The model types Storm supports can be categorized along two dimensions. First, the *notion of time* in a model may be either discrete (or “time-abstract”) or continuous. While the former formalizes time as discrete steps, time in the latter flows continuously. Second, models may contain *nondeterminism*. That is, there are choices that are resolved nondeterministically in the sense that there is no information about a likelihood of the involved choices. Rather, any possible resolution has to be taken into account when reasoning about such systems. Typical sources of nondeterminism include scheduling freedom (as found in distributed systems), abstraction and underspecification. In the following, we briefly describe each model type.

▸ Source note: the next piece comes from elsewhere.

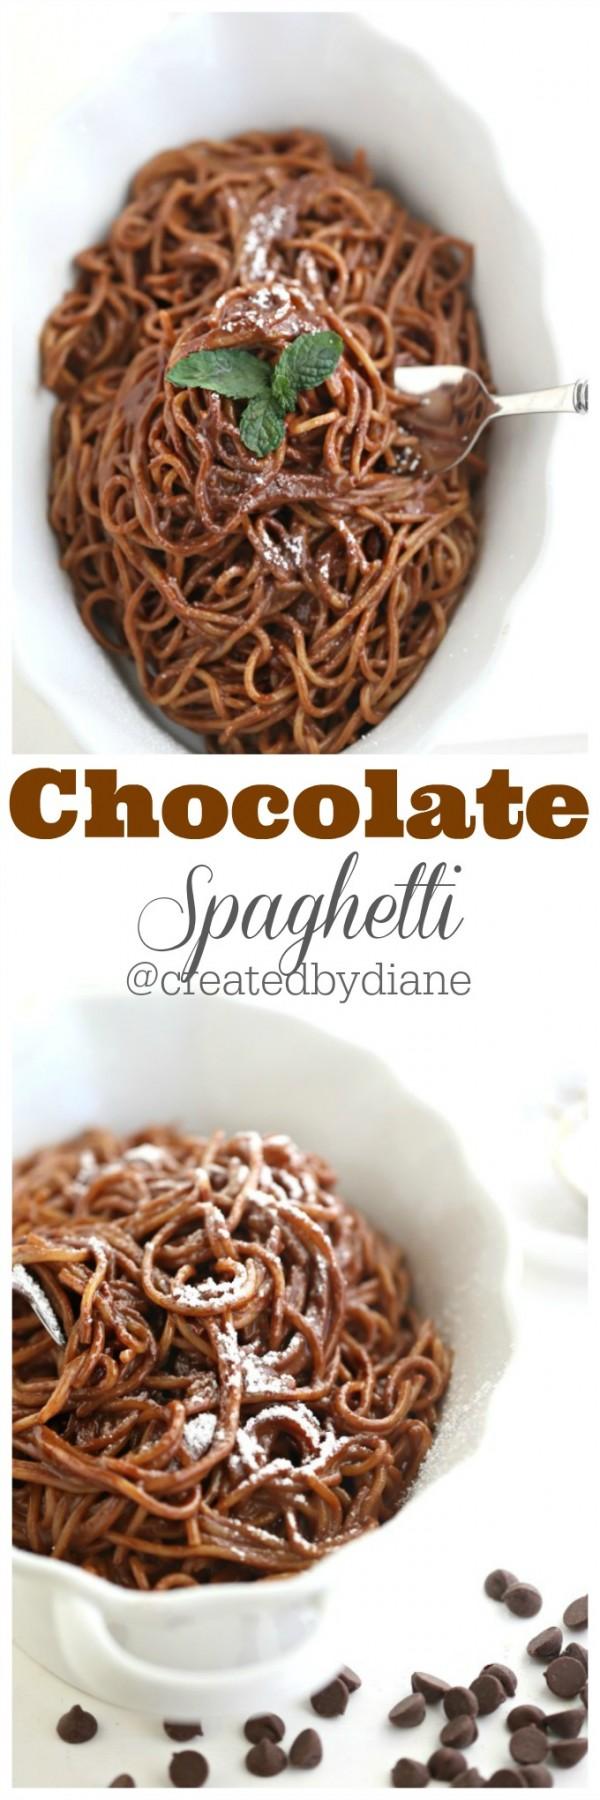 Get the recipe Chocolate Spaghetti @recipes_to_go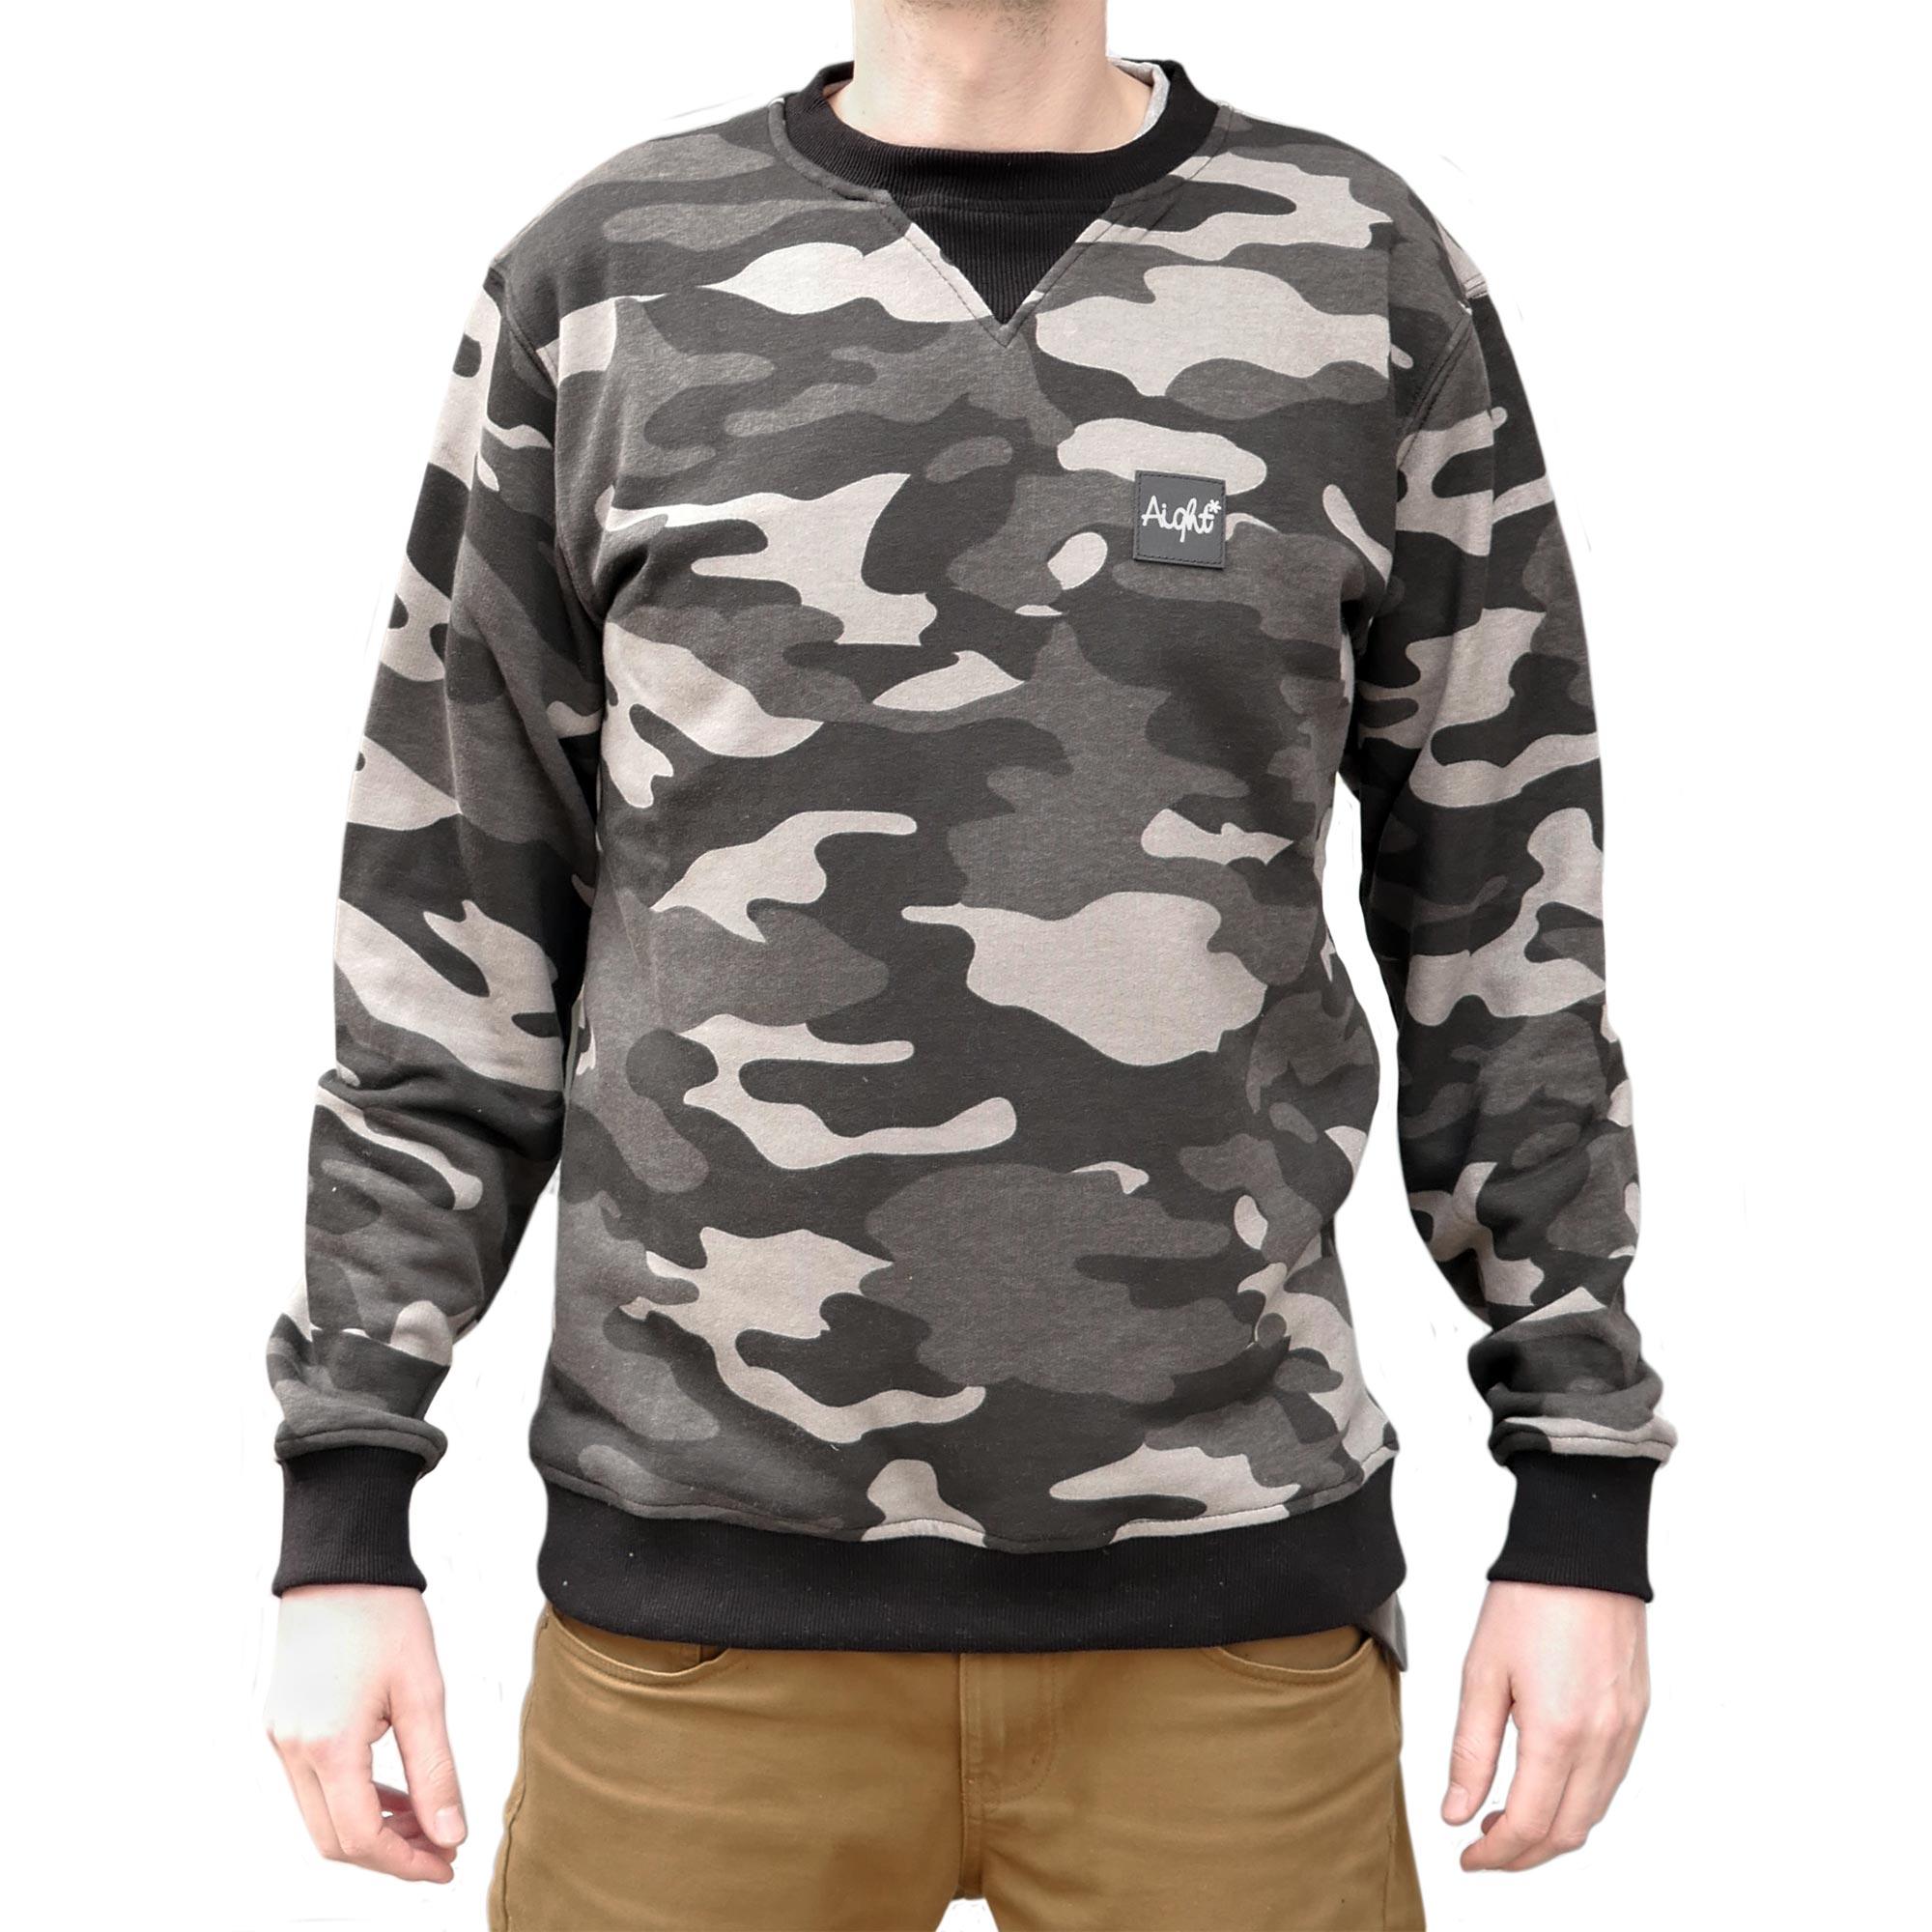 Details zu Aight Evolution Sweatshirt Camo Laight

## Models without nondeterminism

### Discrete-time Markov chains (DTMCs)

In a discrete-time Markov chain, every state is equipped with a probability distribution over successor states. That is, whenever the system is in a particular state, a random experiment is conducted to determine the state the system moves to in the next step. Here, time proceeds in a discrete manner: the steps the system takes are counted by the non-negative integers.

### Continuous-time Markov chains (CTMCs)

If the time in the model flows continuously and it is important to preserve this timing in the model, CTMCs can capture this. Just like in a DTMC, there is a probability distribution over successor states in each state. Additionally, every state is equipped with an *exit rate* lambda, that governs the sojourn time in that state. More specifically, the time spent in the state is negatively exponentially distributed with rate lambda.

## Models with nondeterminism

### Discrete-time Markov decision processes (MDPs)

Markov Decision processes extend DTMCs with nondeterministic choice. If the system is in state s, first a nondeterministic choice over the actions available in s (the *enabled* actions) is taken. Then, the successor state is chosen probabilistically according to the probability distribution associated with the selected action.

### Markov automata (MAs)

Markov automata essentially combine the features of CTMCs with MDPs. The states in an MA fall into one of three categories. *Probabilistic states* are just like the states of an MDP, i.e. there is a nondeterministic choice over probability distributions. *Markovian states* are like the states of a CTMC in that there is just one probability distribution over successor states, but the system will stay in these states for a negatively exponentially distributed delay. Finally, *hybrid states* have both, a nondeterministic choice over probabilistic choices as well as the possibility to stay in the state for some time and then pick the successor according to a certain probability distribution.